Data:
+++

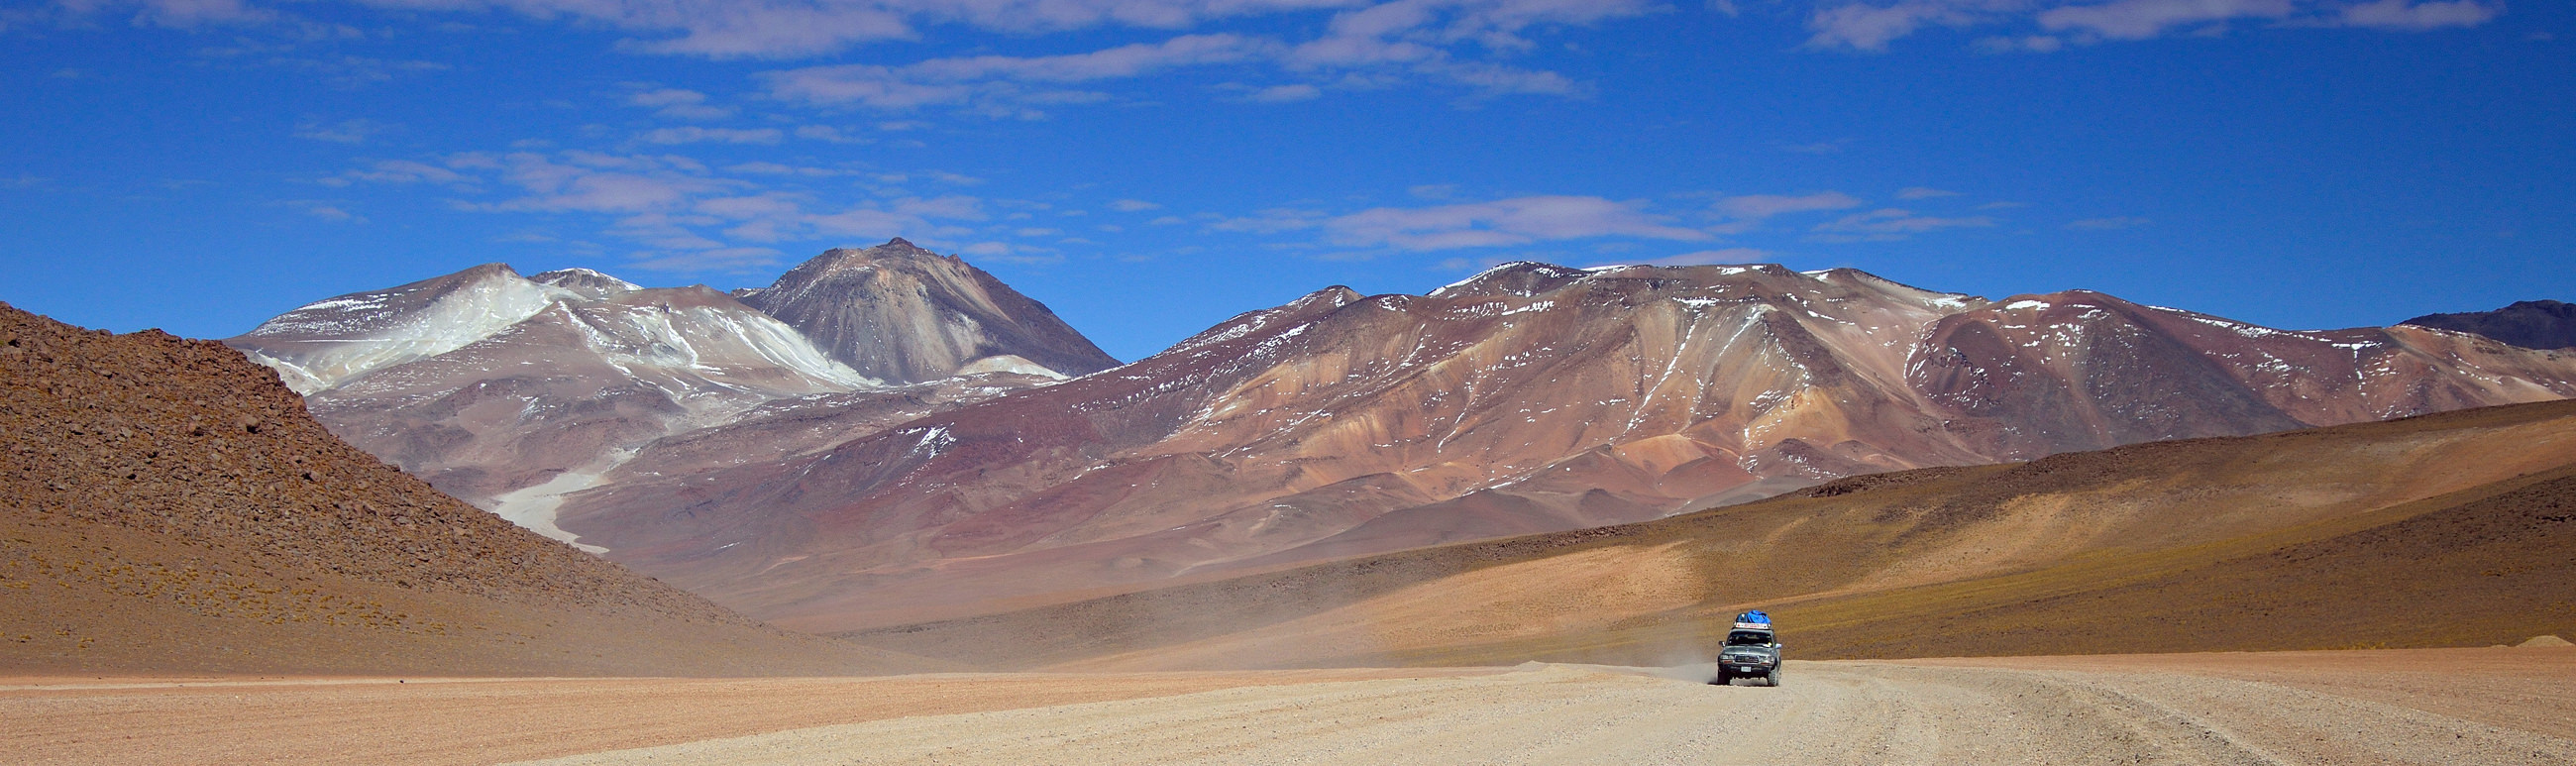 Inspiratie Altiplano Pano
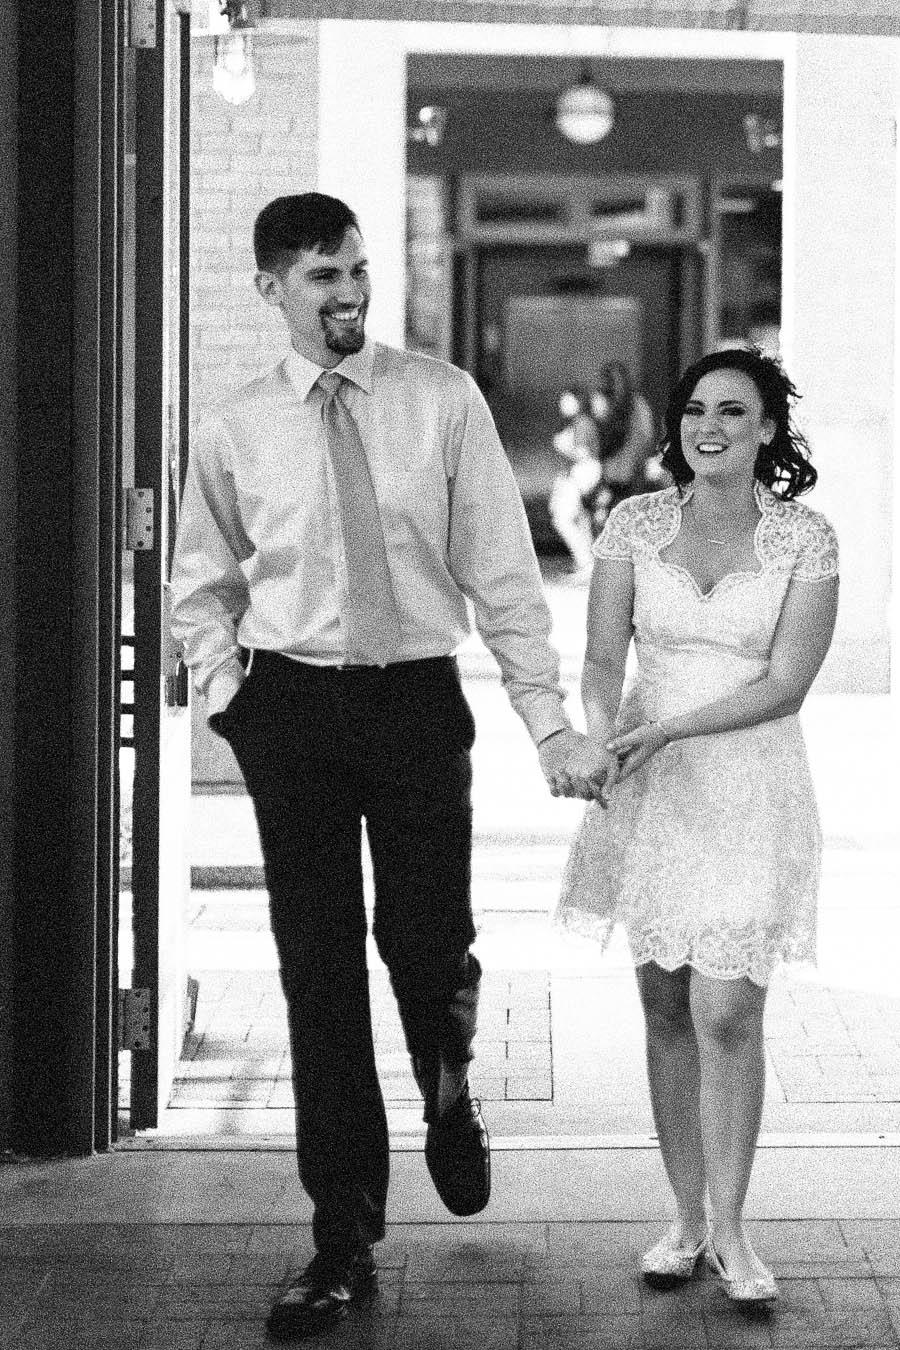 chattanooga film wedding photographer documentary natural gentle real life ©2016abigailbobophotography-46.jpg
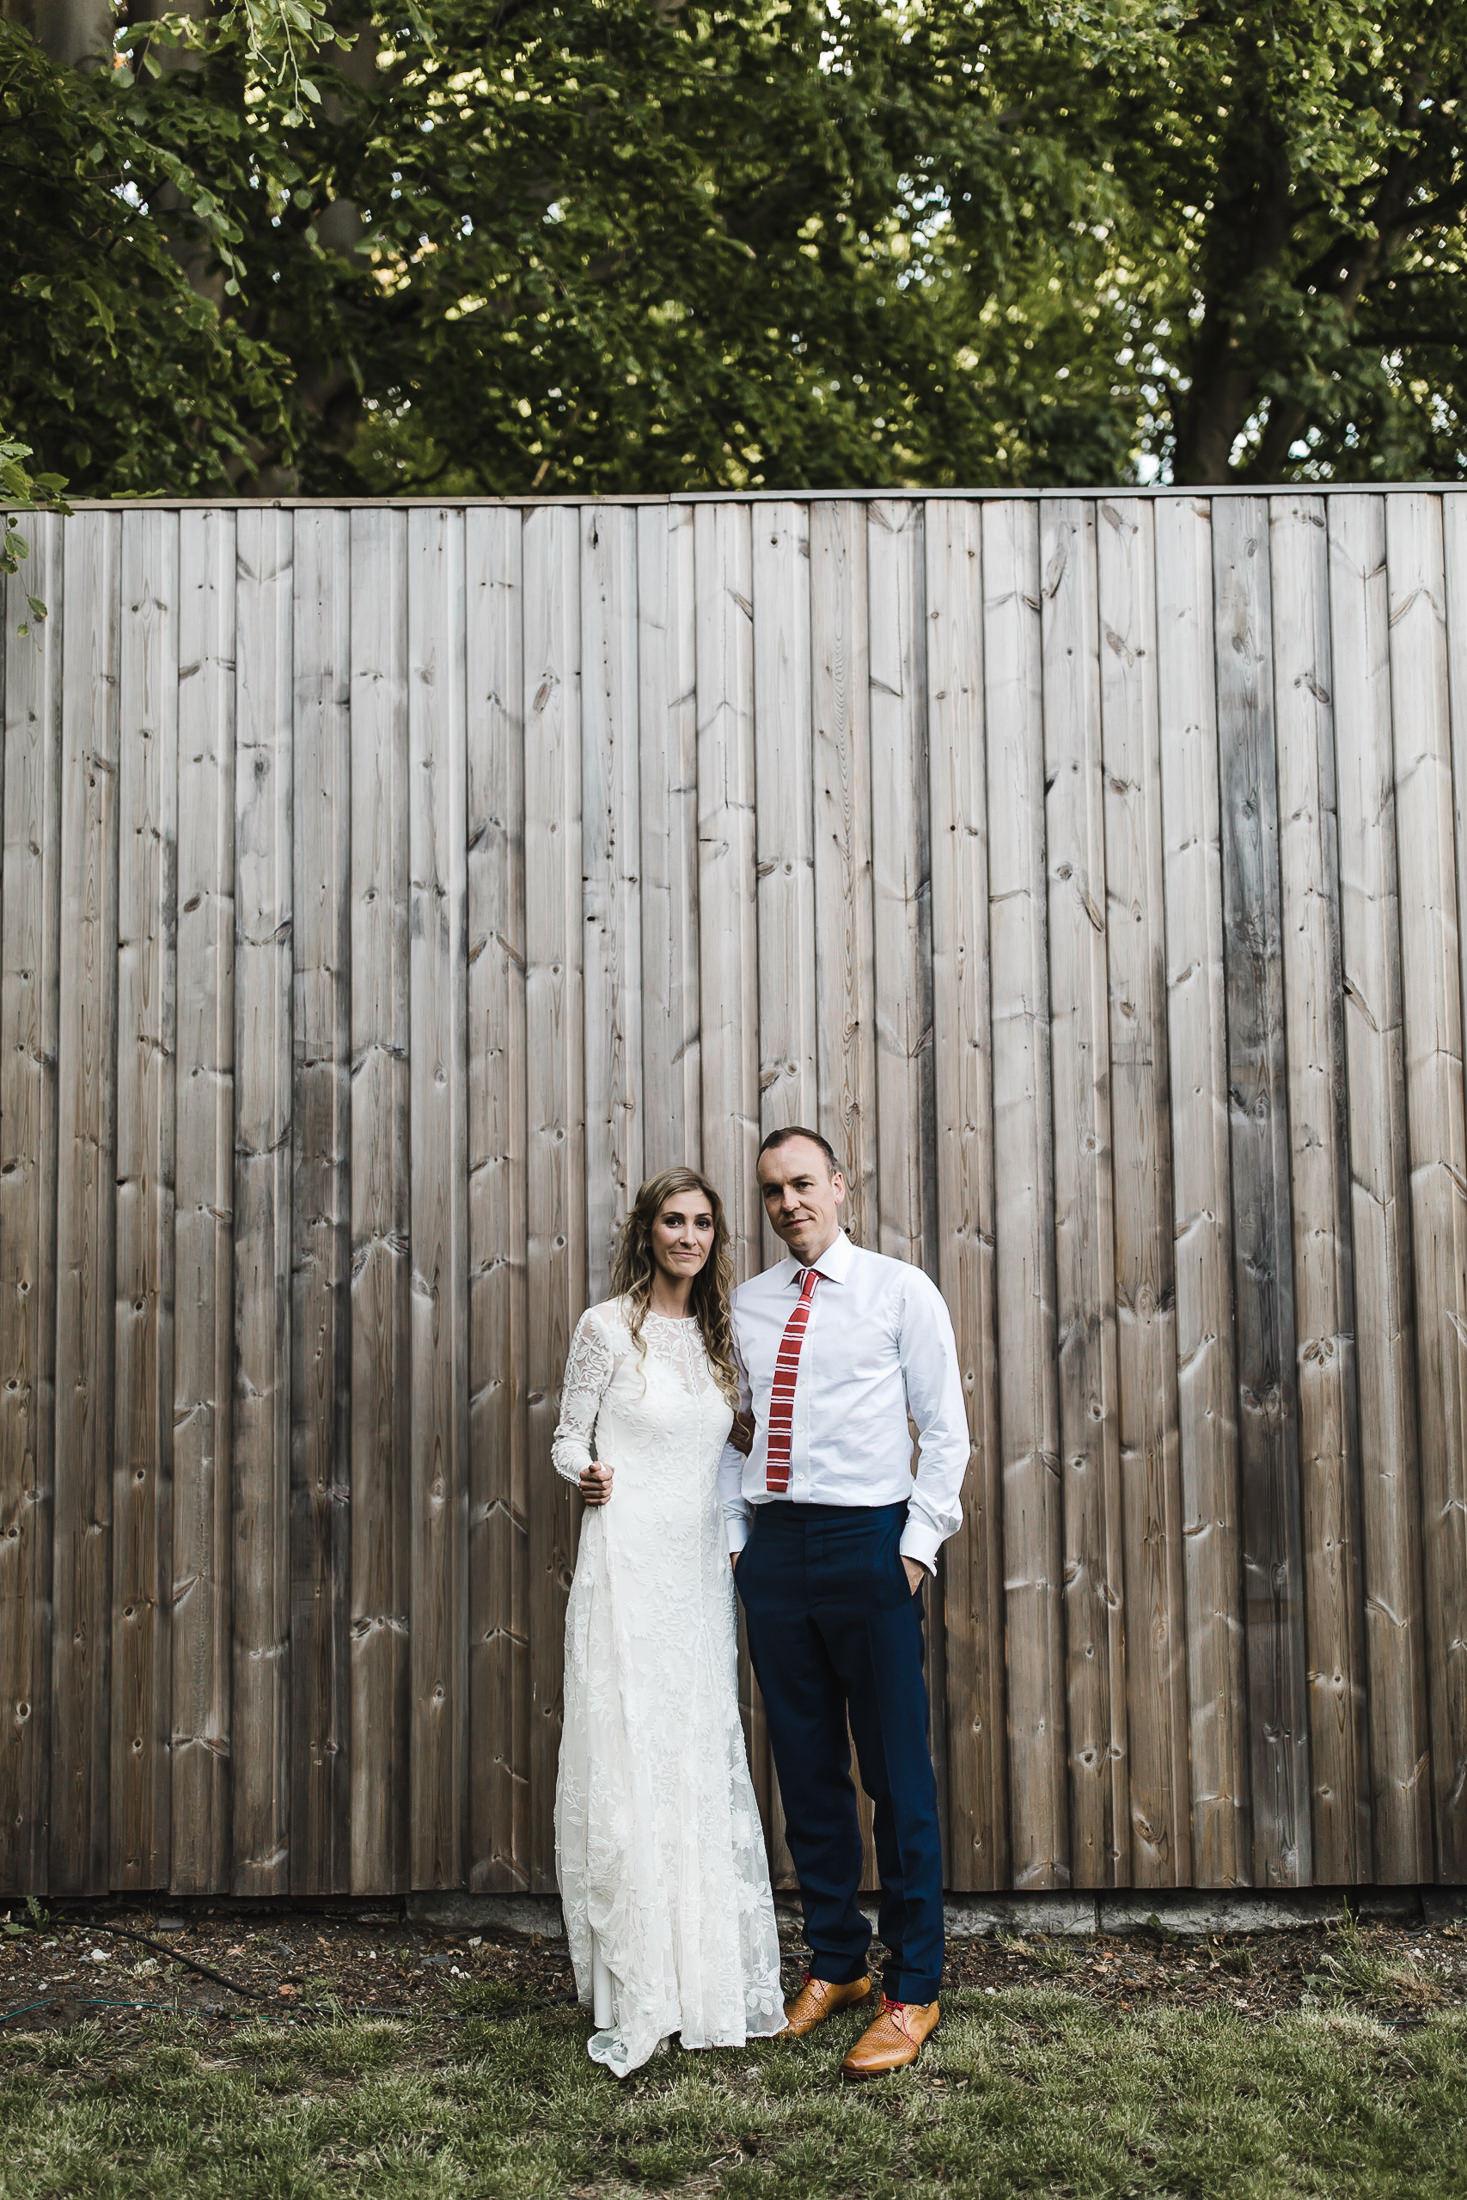 Roundhay-Leeds-Backyard-Wedding-Becs-Chris-180.jpg
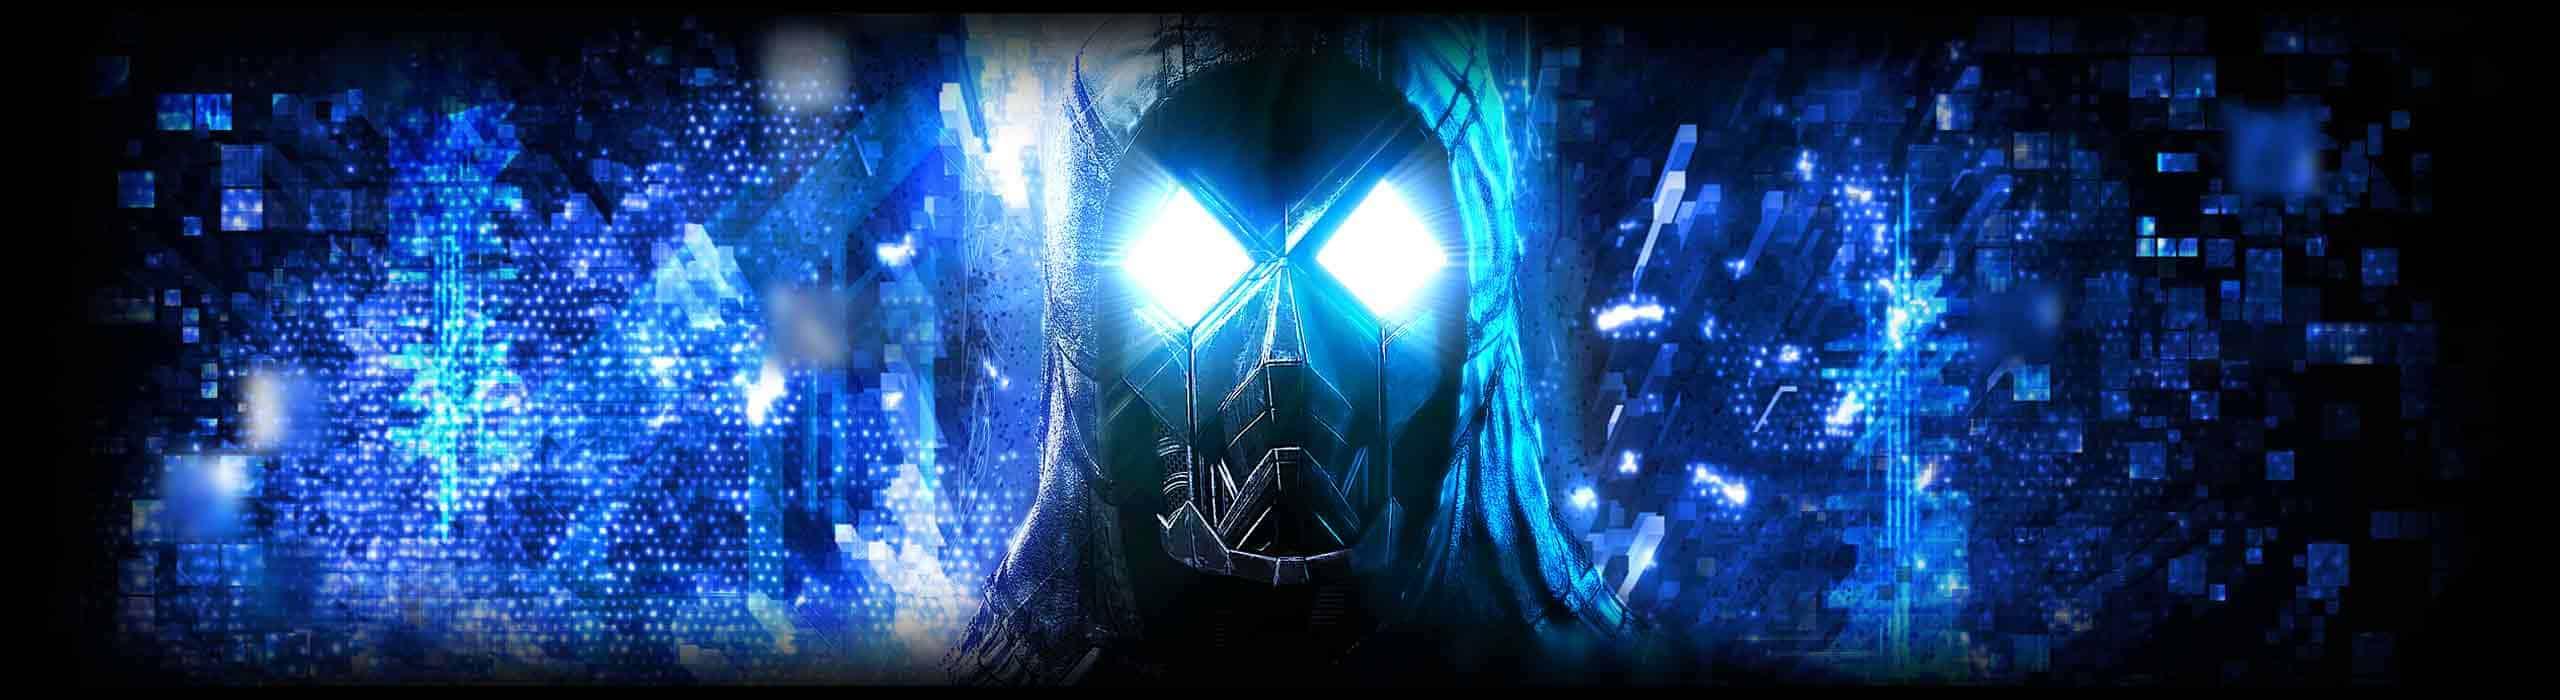 Talos Cyberpunk Web Comic

+++

Exercise goal:
Pictures are to be omitted. The lines from the line holding "Roundhay-Leeds-Backyard-Wedding-Becs-Chris-180.jpg" through the closing line of the data above are to be set down exactly, and nothing more.

Solution for this exercise:
 Roundhay-Leeds-Backyard-Wedding-Becs-Chris-180.jpg
 Talos Cyberpunk Web Comic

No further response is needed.